Task directions.
A word-for-word copy of the data is what's wanted, with no pictures.

Data provided.
◆ ◆ ◆ ◆ ◆
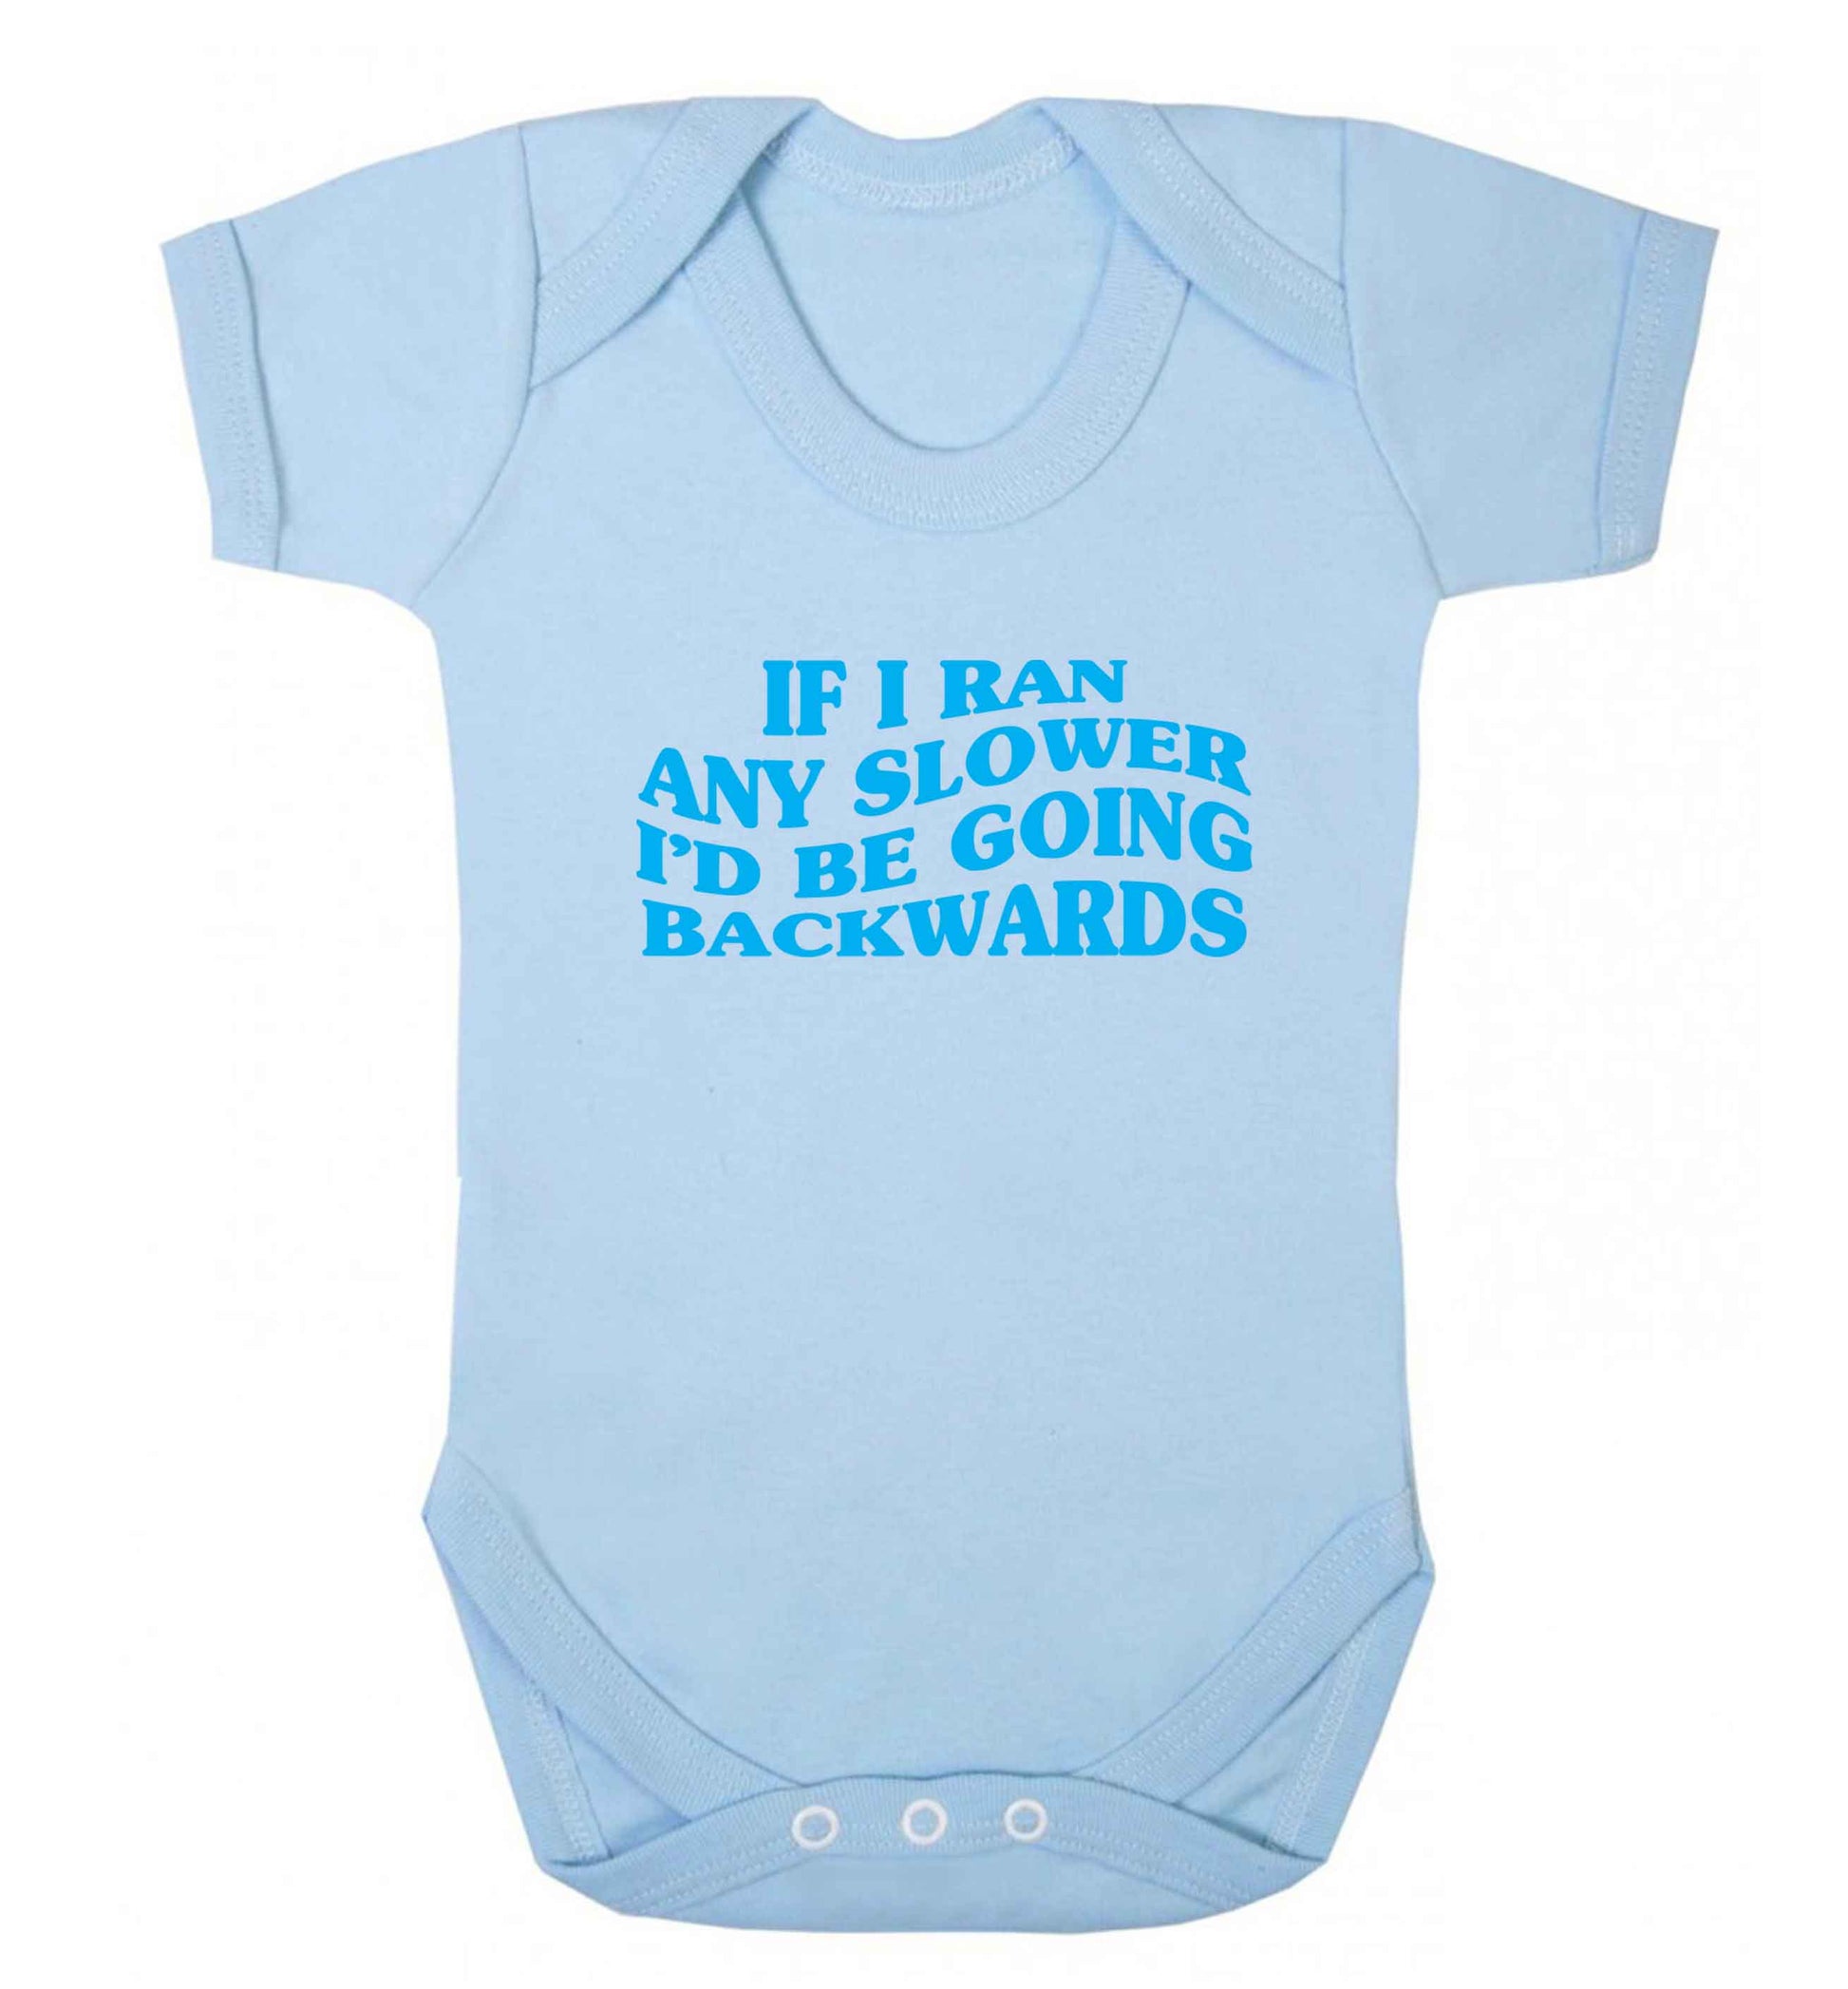 If I ran any slower I'd be going backwards baby vest pale blue 18-24 months
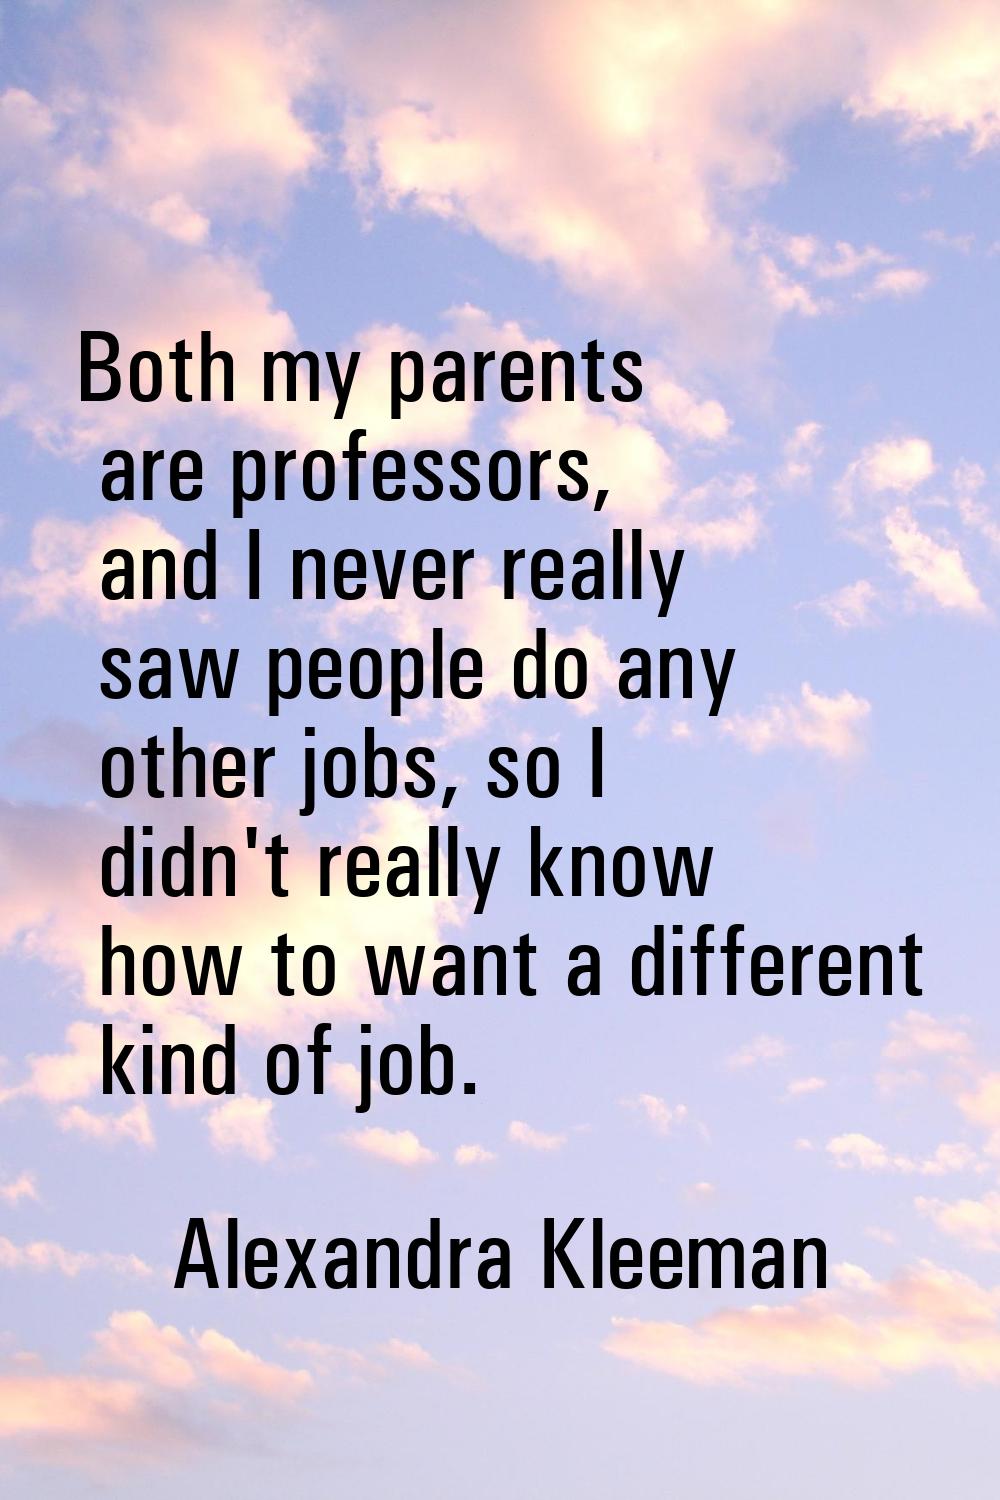 Both my parents are professors, and I never really saw people do any other jobs, so I didn't really
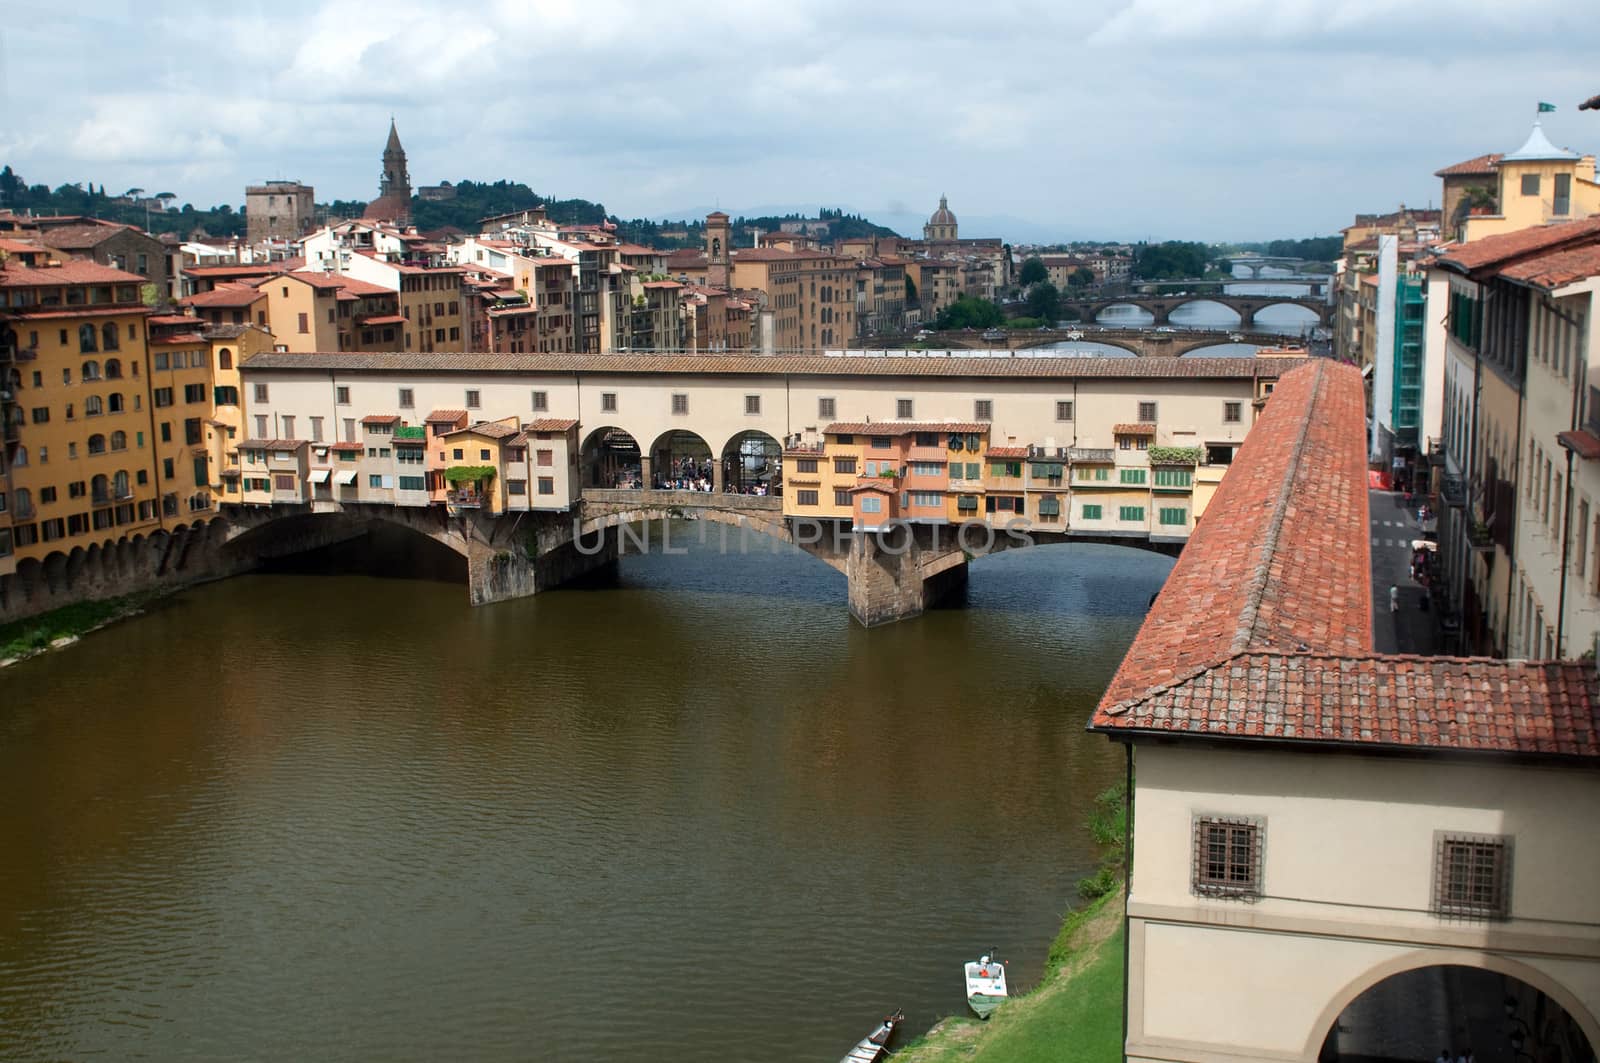 The Ponte Vecchio ("Old Bridge") is a Medieval bridge over the Arno River in Florence, Tuscany, Italy. by lexan
◆ ◆ ◆ ◆ ◆
Task output.
 If I ran any slower I'd be going backwards baby vest pale blue 18-24 months
 Both my parents are professors, and I never really saw people do any other jobs, so I didn't really
 The Ponte Vecchio ("Old Bridge") is a Medieval bridge over the Arno River in Florence, Tuscany, Italy. by lexan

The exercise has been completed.